The White River generates as much trout revenue as even the most famous western destinations. Unlike out west, the White’s vistas alternate between classic Ozark sandstone bluffs and second-home mega-mansions with swaths of bright blue riprap replacing the riparian zone in what must be the best example of “you don’t buy rock, you rent it” I have ever witnessed. Every third house has an example of failed geologic hubris from the previous season, with the violent fluctuations in flow leaving no Texas oil baron safe from erosion.
The landed gentry’s draw to the river is the same trout that we and all the happy-go-lucky tourists on idle pursue. The White seems to be big enough for everyone, with more tips of the hat than wags of the middle finger given on any day, and a clear geographic distinction between its two user groups. While we prowl the banks with foam, they tend to stick to the middle of the river where the rainbows play. My eighth-grade science teacher would call this symbiosis, but it reminds me more of those “Coexist” bumper stickers with all the jumbled religious symbology acting as the letters. If there’s enough for everybody, nobody gets too bent out of shape about things. Though it’s annoying when someone uses an outboard as a trolling motor—a universal fact no matter where you are—it’s easy to forget those annoyances when the next wild two-foot brown swirls your foam an inch off the bank, and the next one, and the one after that, all adding up to a jolly indifference to your surroundings.
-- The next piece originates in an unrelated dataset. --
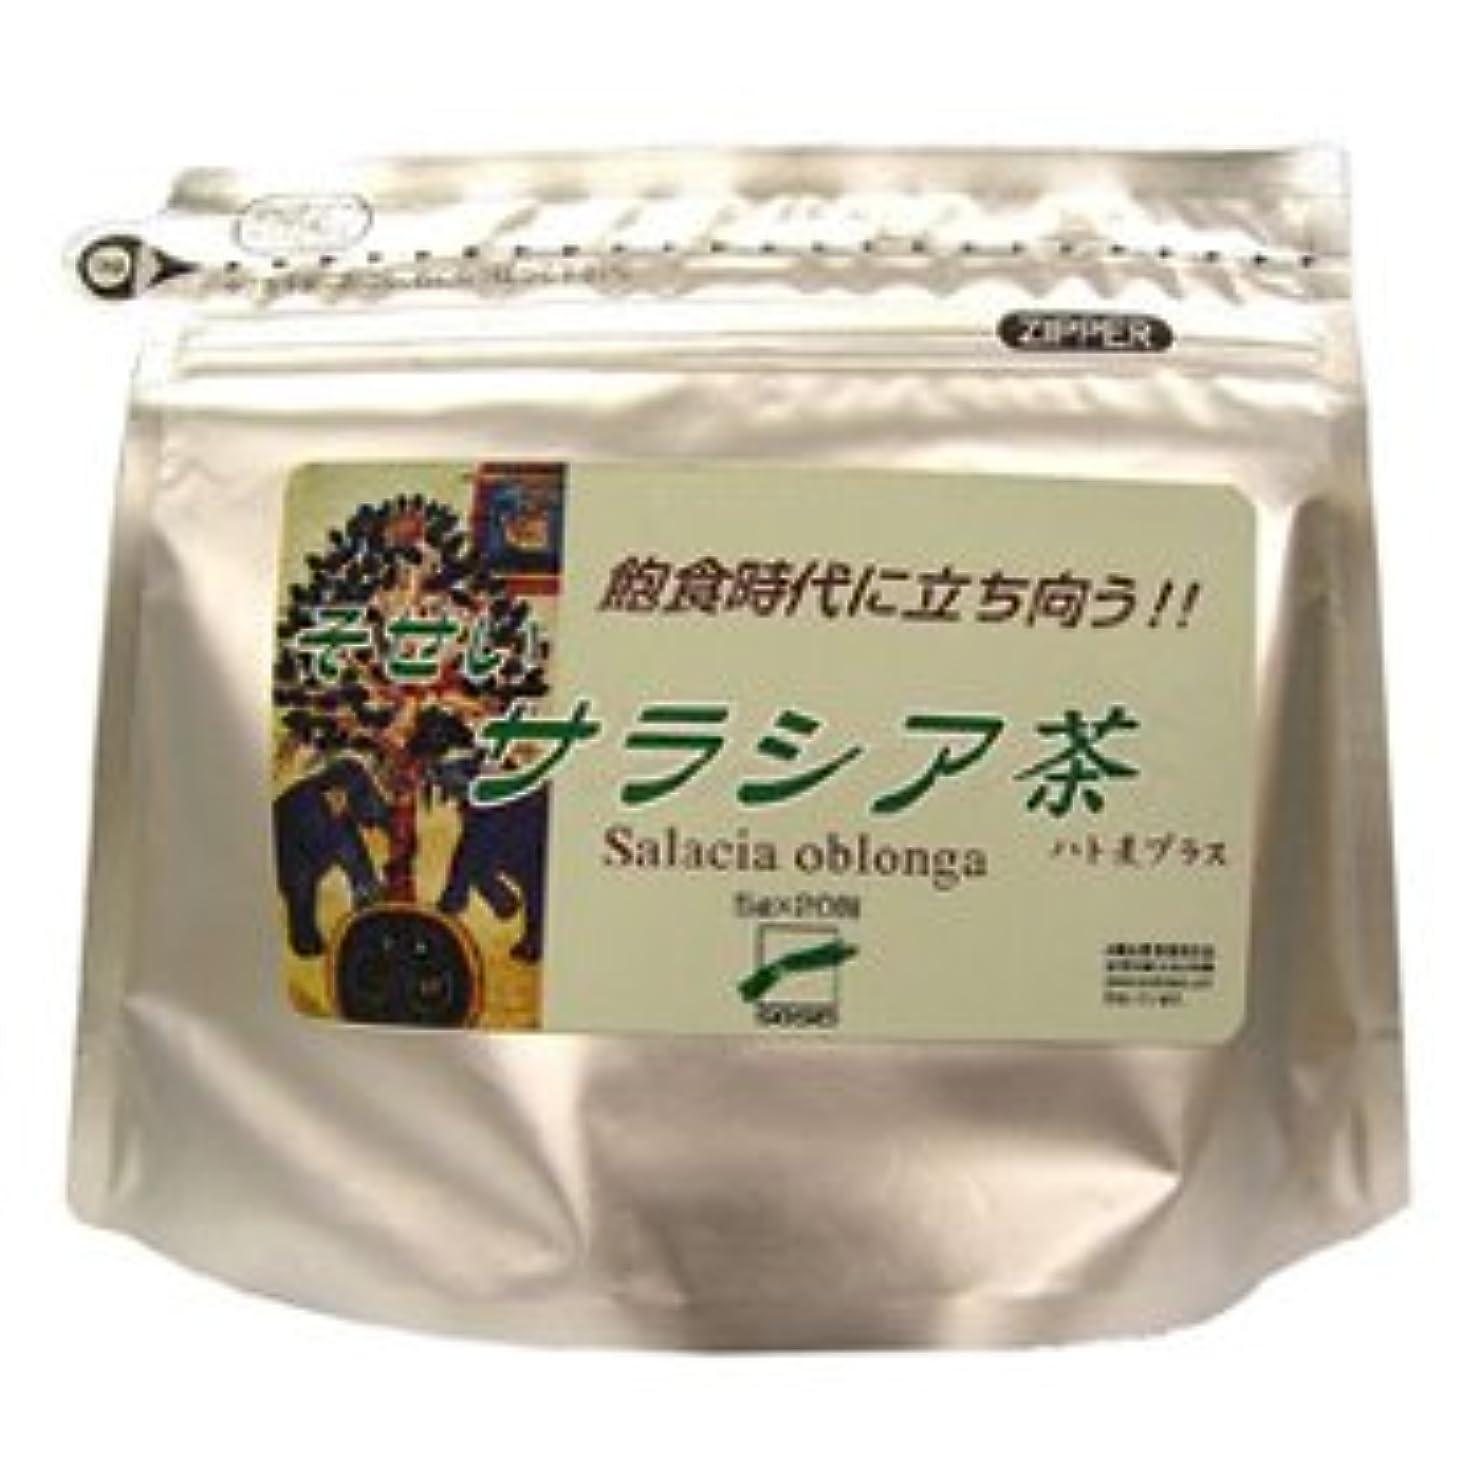 クロス低下半球そせい サラシア茶 1袋

The last day of any fishing trip usually has a quiet desperation to it. An expiration date tends to put things into focus. Sometimes the fish can smell that desperation on you as easily as the morning biscuit musk you left all over your first fly of the day. I think the fish can also smell when you’ve beaten them up for three days straight and, like a true Arkansas hog, you’re back at the trough for more. That’s the only way to explain my sudden and persistent case of the yips. Three days of being on my game has left my hook set complacent. As we float yet another stretch of prime water, I make yet another cast at yet another juicy bank shaded by head-high branches. The take is one of those that only result when a fly is placed by chance directly on the nose of a brown trout on station—the fish hits it in pure reaction as soon as it lays down on the water. Yesterday I would’ve stuck him. Today I come up with air. “Fish of the trip,” hurls into my back from someone in the boat.
“Yeah, I know,” is the only thing I can say, the size of that white maw now burned into my consciousness. Any other trip, on any other river, my reaction may have very well been a blind burning rage followed by days of deep, dark, soul-crushing depression. But at this moment, devoid of malice and self-hatred, I realize the underlying beauty of the Ozarks, its rivers and the folks who ply them. The whole communal trout scene brimming with hospitality can be explained by the pure Buddhist understanding of nirvana—knowing that the White River is your fishery. This world-class, wild brown trout factory normalizes wild brown trout expectations that otherwise live in the deepest, darkest fish dreams we only admit to ourselves when the lights are out and the rest of the family is in bed. If you live and play in trout heaven, it’s easy to tolerate life’s minor inconveniences and foibles. A thought comes, too ridiculous to say out loud in anyone else’s presence. I hear someone else impersonating me, “We’ll get the next one, and hell I’m good even if we don’t.” Then I realize I’m the one saying it.